The moment Sonny opened the door Ruby shot out of it like a bullet, barking in high pitched tones. As she sprinted down to the base of the porch steps Sonny heard a pssssss sound. Ruby immediately made an about face and scrambled back up onto the porch trying to push her way into the house. I heard Sonny screech out, “Its a skunk!” as he simultaneously pushed Ruby away from the front door with his foot.
He quickly slammed the front door shut and then closed the connecting door between the mudroom and main house. All those Navy drills he endured learning how to close off ships compartments to contain flooding came in handy. Only thing is the skunk stench still followed him, although it could have been much worse. It could have been Sonny who got sprayed square in the face.
Even with the doors tightly shut the foul skunk oder still seeped into the house, slithering through the cracks like a rank fog. Sonny jumped into the shower just to be on the safe side. The pant leg of his pajama bottoms where he had touched Ruby was covered in ode de skunk. Needless to say they were promptly shoved into a plastic bag and disposed of. Sonny was lucky and didn’t get any of the smell on his skin.
We sprayed the house with every air freshner we could find. We couldn’t open the windows because it was worse outside. The sprays helped a little, but it sure didn’t get rid of it. This morning when we woke up it was much better. Now it is completely gone and my house smells normal.
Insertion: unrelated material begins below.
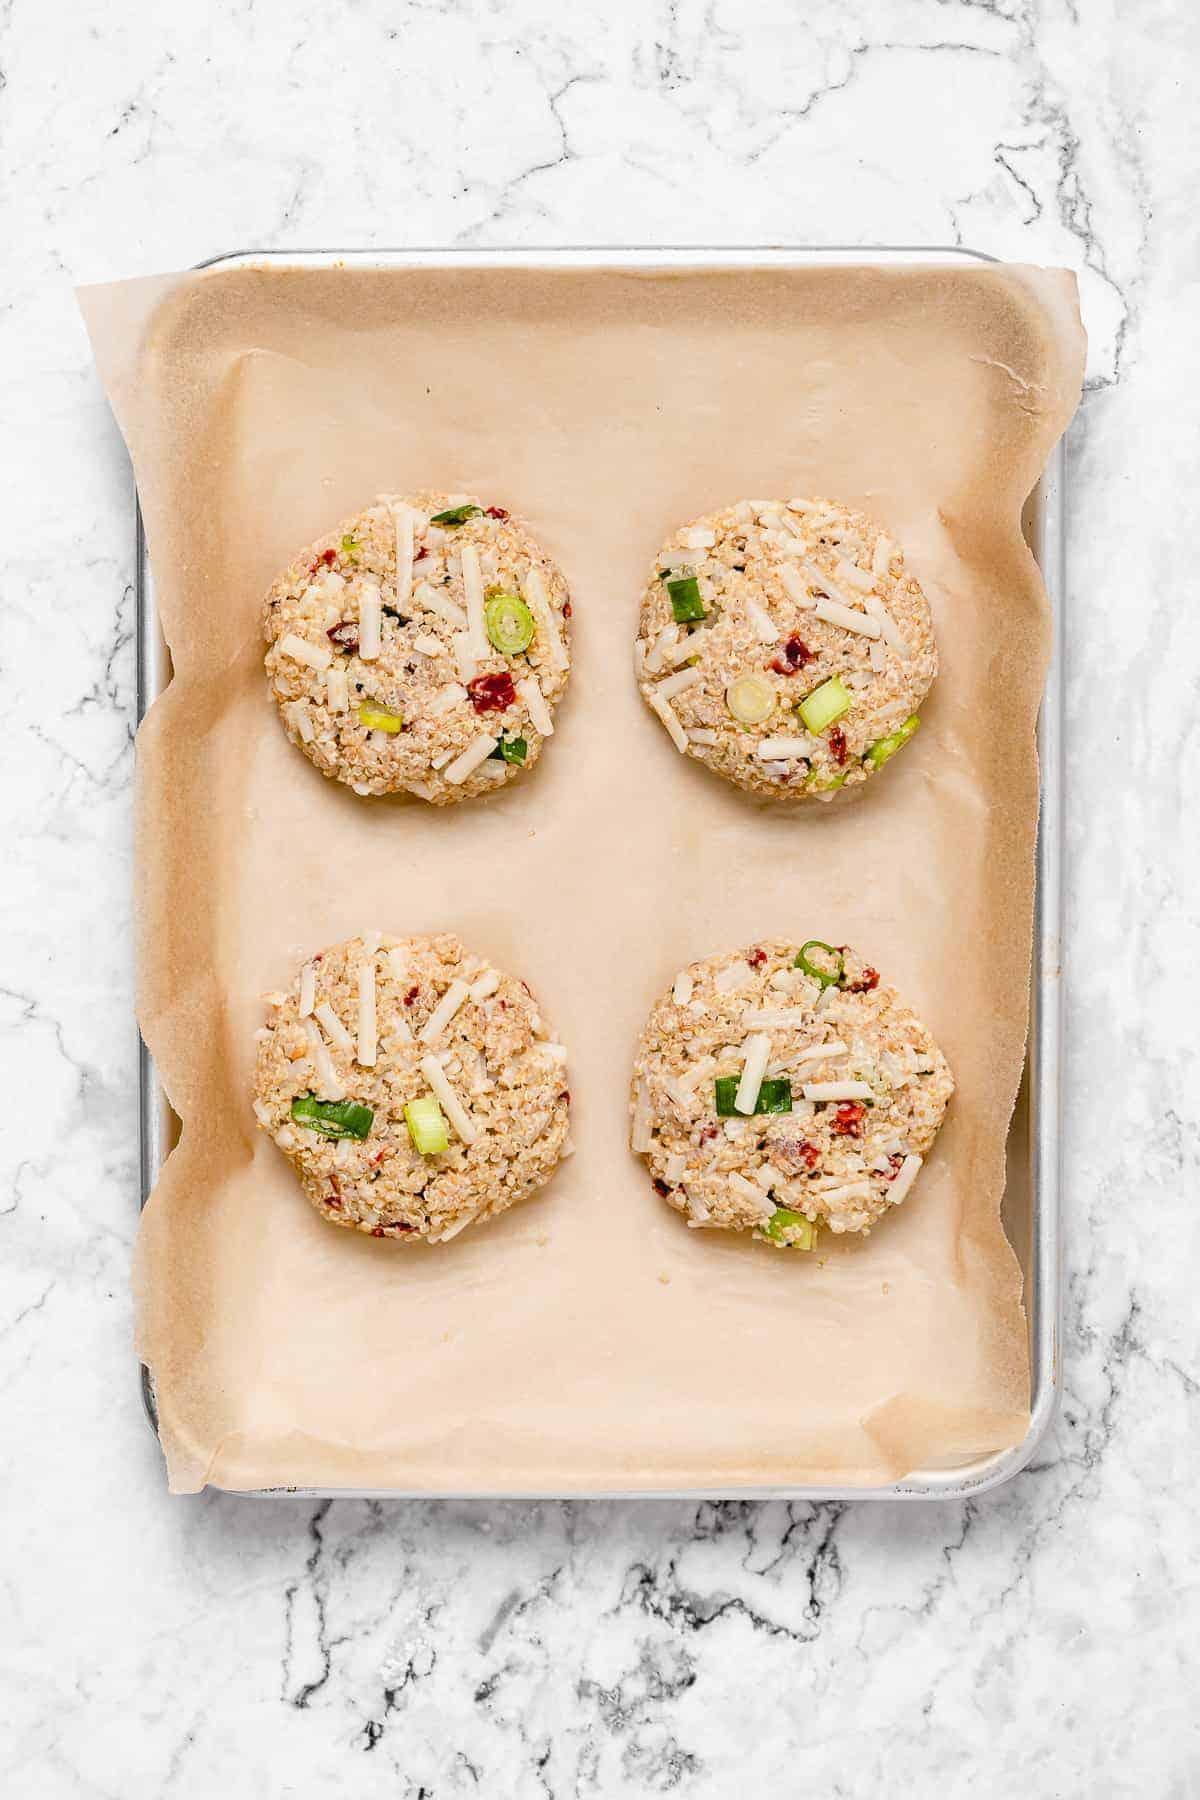 Four quinoa veggie burger patties on a baking sheet with parchment paper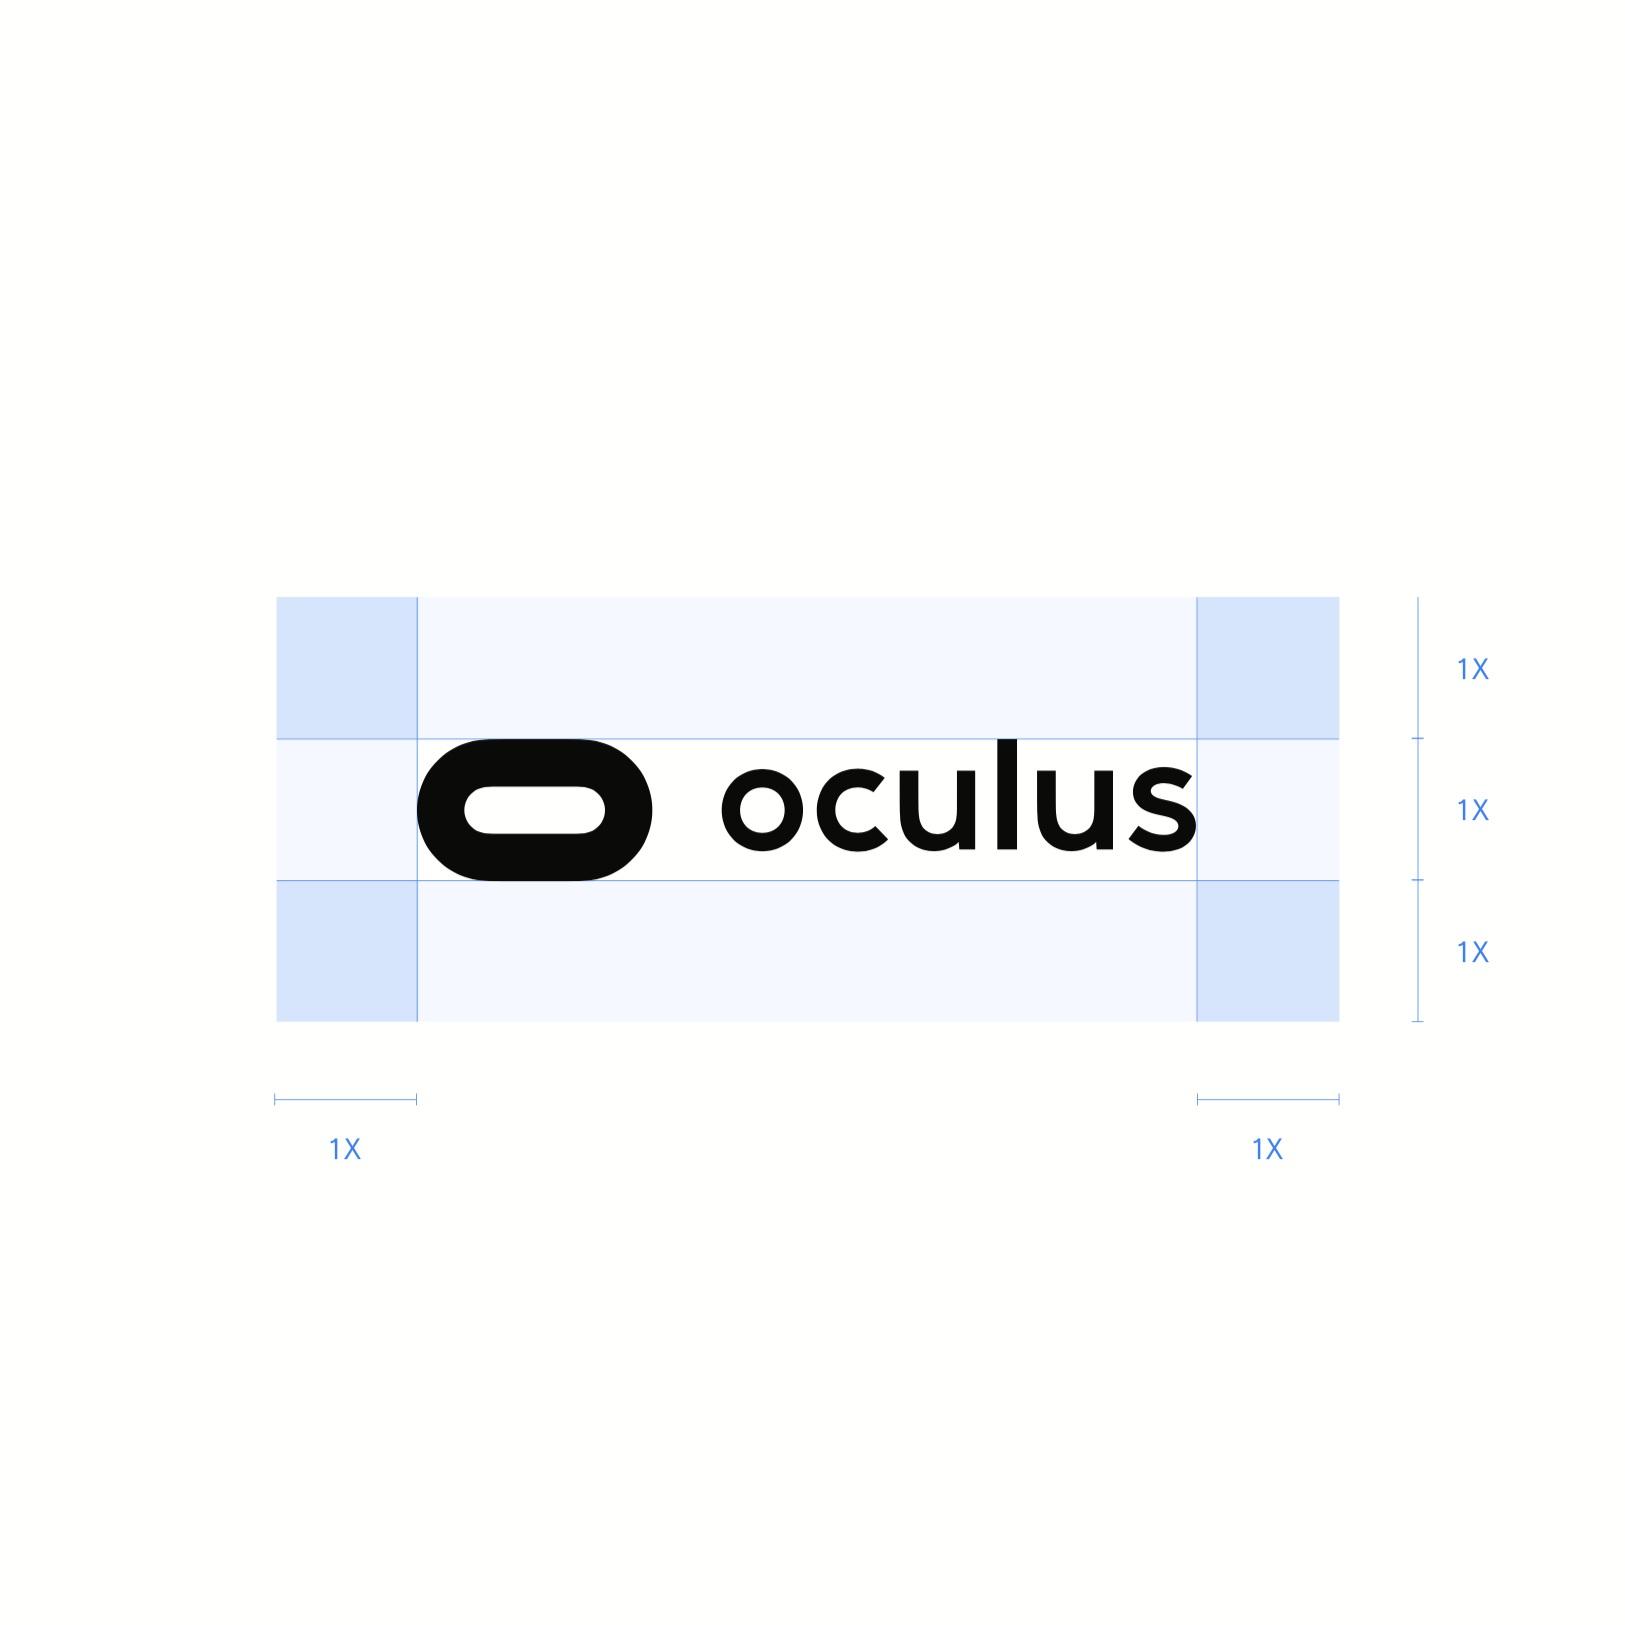 Oculus Brand Guidelines

I rubbed Natures Miracle on Ruby and the jury is still out on how well it worked. I will have a sniff test later. She may need another dose. I’m afraid to keep her out all night again. I may just have to put her in her dog crate. Who knows, Pepe le pew might think last night was a hoot and will want to make his rounds again. I just hope our front door is not marked with a bulls eye.
Oh man…talk about bad timing or luck. Glad poor sonny didn’t get hammered with the spray,
Yea that would be horrible. He would have had to sleep on the porch with Ruby. Ha ha.
unless he ran had hugged all over you, then both of ya would of been in the same boat and ya could of slept in the same bed…..ps this information is just incase you want to know what goes on in a man head in this kind-a-of moment of crisis. lol
Yea, right.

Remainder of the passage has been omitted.